══ DATA FOR THE TASK

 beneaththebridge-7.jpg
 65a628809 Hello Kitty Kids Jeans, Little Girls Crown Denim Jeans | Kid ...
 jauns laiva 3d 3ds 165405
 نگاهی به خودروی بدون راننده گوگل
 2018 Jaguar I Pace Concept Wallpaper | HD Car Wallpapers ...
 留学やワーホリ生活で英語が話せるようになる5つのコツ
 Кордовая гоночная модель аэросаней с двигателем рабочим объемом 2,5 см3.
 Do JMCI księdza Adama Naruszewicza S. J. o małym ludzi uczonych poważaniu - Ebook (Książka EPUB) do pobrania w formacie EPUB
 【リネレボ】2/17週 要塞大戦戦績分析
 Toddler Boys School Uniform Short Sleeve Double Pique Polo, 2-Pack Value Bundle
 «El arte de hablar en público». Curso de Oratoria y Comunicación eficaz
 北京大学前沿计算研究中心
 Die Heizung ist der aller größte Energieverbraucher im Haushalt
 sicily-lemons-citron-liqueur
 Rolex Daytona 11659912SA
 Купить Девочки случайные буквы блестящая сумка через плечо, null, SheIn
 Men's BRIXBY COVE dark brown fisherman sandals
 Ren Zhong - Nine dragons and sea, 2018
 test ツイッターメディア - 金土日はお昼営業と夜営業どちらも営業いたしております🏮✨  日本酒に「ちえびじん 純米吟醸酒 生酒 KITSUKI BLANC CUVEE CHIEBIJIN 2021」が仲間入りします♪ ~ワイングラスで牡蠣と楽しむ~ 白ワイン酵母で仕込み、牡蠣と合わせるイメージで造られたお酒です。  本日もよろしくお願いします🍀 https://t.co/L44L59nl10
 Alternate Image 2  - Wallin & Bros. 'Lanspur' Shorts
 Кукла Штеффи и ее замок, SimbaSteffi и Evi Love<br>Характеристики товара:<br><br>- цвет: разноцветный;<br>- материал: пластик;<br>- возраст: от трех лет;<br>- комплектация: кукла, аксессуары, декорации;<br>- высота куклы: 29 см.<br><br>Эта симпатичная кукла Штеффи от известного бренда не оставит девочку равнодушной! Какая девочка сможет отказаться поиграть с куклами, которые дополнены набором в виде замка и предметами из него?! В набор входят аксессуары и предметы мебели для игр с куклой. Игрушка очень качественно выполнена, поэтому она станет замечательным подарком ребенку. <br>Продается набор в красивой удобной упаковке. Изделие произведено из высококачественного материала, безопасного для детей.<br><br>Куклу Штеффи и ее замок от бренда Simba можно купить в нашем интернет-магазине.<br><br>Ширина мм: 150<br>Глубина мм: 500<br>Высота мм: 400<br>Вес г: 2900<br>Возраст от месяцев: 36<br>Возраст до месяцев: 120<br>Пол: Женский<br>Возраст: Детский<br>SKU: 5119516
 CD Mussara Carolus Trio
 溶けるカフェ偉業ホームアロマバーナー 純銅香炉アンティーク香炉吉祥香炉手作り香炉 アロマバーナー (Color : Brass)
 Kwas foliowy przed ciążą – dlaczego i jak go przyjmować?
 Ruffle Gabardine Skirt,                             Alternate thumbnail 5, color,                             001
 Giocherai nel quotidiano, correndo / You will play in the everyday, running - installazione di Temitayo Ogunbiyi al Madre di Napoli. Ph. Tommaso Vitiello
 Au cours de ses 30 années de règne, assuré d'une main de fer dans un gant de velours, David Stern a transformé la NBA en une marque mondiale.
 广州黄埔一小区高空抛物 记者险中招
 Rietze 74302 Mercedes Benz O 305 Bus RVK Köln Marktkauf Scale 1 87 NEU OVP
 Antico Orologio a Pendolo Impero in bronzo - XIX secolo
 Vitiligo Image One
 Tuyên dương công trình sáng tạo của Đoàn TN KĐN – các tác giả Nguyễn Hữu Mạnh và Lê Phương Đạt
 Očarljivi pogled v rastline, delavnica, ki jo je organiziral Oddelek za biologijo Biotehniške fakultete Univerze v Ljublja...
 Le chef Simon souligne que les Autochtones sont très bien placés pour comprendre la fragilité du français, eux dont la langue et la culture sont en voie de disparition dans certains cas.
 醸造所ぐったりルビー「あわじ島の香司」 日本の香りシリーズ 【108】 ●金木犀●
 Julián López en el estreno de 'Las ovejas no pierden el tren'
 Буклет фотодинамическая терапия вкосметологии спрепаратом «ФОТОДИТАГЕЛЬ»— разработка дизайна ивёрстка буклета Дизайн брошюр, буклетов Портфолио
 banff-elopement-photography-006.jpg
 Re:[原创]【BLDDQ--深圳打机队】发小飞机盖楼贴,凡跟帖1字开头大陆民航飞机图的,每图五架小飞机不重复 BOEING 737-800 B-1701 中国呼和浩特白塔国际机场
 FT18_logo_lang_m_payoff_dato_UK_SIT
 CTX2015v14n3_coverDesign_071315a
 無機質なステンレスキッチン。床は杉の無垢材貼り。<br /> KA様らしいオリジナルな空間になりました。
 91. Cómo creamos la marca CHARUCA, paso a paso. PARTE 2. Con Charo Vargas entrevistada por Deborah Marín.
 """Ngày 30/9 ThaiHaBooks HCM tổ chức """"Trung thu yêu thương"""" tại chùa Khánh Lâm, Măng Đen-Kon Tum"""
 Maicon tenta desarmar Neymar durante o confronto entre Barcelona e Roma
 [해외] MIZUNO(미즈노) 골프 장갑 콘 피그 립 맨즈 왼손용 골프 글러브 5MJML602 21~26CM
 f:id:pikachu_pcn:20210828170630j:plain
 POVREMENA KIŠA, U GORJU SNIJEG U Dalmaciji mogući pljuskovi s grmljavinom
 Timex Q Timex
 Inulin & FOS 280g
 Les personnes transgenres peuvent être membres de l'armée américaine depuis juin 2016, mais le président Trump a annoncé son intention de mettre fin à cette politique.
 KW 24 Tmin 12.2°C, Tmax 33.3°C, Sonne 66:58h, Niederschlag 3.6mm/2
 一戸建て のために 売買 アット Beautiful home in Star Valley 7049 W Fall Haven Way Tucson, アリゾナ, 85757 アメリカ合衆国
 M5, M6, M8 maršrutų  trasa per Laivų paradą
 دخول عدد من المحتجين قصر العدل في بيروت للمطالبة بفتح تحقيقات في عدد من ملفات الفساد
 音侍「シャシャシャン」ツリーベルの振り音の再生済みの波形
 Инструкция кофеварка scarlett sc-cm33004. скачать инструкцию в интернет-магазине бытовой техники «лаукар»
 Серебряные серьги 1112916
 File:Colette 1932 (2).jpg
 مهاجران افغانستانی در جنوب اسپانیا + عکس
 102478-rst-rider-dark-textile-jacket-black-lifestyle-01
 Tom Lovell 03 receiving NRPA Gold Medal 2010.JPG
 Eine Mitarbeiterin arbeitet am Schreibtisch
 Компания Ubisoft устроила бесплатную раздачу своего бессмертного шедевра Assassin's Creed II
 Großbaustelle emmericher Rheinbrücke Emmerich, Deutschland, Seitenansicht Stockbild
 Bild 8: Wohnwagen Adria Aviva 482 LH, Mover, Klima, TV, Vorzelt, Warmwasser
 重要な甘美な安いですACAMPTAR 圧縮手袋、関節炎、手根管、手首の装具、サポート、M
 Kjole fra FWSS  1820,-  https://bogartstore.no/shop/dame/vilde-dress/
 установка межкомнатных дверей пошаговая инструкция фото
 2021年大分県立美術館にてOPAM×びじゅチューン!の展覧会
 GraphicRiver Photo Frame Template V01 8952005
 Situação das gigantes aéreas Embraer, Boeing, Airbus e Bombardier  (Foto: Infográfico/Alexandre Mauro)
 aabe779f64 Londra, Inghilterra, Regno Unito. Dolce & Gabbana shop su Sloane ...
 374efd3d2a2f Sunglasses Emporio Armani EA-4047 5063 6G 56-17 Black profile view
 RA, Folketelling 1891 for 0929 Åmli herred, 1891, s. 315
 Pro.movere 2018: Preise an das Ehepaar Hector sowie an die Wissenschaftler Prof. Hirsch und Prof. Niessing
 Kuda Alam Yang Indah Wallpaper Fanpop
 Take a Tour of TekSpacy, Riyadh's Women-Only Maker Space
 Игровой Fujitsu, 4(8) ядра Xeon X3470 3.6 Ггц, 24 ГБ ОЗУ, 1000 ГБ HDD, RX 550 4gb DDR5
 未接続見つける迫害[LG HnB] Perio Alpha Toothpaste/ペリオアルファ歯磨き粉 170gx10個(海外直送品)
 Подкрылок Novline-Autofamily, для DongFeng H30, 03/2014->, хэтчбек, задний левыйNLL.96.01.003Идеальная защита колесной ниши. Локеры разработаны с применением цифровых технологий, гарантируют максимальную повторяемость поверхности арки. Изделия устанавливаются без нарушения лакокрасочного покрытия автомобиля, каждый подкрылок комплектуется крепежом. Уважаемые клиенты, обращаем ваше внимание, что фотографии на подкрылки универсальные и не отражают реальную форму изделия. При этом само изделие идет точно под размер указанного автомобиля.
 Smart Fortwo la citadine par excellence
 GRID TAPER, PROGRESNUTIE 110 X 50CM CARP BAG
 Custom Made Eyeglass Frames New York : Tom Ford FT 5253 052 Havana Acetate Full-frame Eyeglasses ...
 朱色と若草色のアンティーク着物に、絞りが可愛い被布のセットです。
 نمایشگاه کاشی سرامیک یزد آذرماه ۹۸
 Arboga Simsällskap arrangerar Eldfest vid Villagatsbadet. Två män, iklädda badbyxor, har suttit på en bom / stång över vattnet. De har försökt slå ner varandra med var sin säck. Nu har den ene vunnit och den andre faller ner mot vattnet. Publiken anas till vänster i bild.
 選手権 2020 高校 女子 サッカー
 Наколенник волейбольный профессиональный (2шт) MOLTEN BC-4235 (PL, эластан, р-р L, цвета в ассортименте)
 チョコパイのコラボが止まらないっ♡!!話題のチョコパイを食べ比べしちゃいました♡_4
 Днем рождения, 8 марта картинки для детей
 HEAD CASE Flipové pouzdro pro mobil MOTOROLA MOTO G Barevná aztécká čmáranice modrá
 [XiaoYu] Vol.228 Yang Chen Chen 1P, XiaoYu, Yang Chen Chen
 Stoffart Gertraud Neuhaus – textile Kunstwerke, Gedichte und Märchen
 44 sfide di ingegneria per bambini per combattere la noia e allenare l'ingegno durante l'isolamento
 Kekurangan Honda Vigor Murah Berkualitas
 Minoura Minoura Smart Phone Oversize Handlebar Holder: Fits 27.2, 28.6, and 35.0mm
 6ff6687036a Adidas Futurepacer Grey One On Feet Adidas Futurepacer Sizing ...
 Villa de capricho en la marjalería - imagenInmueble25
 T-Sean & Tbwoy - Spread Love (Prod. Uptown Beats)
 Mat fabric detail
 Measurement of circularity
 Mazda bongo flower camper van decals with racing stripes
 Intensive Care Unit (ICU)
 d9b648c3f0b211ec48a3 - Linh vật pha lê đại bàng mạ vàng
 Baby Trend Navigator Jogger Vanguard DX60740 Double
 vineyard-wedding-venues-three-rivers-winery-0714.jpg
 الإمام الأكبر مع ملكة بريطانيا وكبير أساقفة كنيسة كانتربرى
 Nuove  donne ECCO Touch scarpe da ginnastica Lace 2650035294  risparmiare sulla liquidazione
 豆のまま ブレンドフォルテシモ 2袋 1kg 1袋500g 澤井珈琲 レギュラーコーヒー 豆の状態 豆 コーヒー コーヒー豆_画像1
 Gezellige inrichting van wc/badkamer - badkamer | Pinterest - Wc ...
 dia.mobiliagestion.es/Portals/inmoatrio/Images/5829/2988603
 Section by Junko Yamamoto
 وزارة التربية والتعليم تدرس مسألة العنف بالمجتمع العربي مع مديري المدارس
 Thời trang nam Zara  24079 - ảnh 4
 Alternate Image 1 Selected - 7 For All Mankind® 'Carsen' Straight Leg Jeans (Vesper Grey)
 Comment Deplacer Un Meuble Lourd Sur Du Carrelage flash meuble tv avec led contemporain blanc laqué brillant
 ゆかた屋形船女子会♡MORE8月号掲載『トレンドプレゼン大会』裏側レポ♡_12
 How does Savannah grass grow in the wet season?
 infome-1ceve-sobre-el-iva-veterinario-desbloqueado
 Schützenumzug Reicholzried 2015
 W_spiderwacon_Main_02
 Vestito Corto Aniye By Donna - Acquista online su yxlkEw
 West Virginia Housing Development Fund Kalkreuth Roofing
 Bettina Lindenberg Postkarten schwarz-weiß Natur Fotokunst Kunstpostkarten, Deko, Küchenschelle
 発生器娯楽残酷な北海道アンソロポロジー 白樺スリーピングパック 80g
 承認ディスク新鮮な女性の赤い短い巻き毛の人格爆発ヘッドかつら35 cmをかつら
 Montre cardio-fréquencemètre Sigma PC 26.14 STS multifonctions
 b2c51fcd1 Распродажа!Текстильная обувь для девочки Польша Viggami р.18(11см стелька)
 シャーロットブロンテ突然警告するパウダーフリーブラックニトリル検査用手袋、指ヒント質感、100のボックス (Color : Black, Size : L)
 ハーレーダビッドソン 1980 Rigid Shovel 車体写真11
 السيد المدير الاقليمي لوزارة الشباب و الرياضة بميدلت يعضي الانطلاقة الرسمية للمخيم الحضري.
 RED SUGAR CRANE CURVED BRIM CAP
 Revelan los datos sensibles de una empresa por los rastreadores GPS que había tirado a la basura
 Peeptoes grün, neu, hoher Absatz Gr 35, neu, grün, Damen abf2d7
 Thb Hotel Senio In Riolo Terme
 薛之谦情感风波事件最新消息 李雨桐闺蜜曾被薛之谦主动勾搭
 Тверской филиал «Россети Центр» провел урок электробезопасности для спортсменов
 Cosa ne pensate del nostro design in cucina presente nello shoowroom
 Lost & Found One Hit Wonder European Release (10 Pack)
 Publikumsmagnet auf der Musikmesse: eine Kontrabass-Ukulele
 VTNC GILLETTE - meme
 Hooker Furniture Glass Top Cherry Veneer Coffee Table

════

EXERCISE>
Look above for the line that contains "102478-rst-rider-dark-textile-jacket-black-lifestyle-01". Starting there, transcribe every line exactly until you have copied the line that contains "重要な甘美な安いですACAM".

EXERCISE OUTPUT>
 102478-rst-rider-dark-textile-jacket-black-lifestyle-01
 Tom Lovell 03 receiving NRPA Gold Medal 2010.JPG
 Eine Mitarbeiterin arbeitet am Schreibtisch
 Компания Ubisoft устроила бесплатную раздачу своего бессмертного шедевра Assassin's Creed II
 Großbaustelle emmericher Rheinbrücke Emmerich, Deutschland, Seitenansicht Stockbild
 Bild 8: Wohnwagen Adria Aviva 482 LH, Mover, Klima, TV, Vorzelt, Warmwasser
 重要な甘美な安いですACAMPTAR 圧縮手袋、関節炎、手根管、手首の装具、サポート、M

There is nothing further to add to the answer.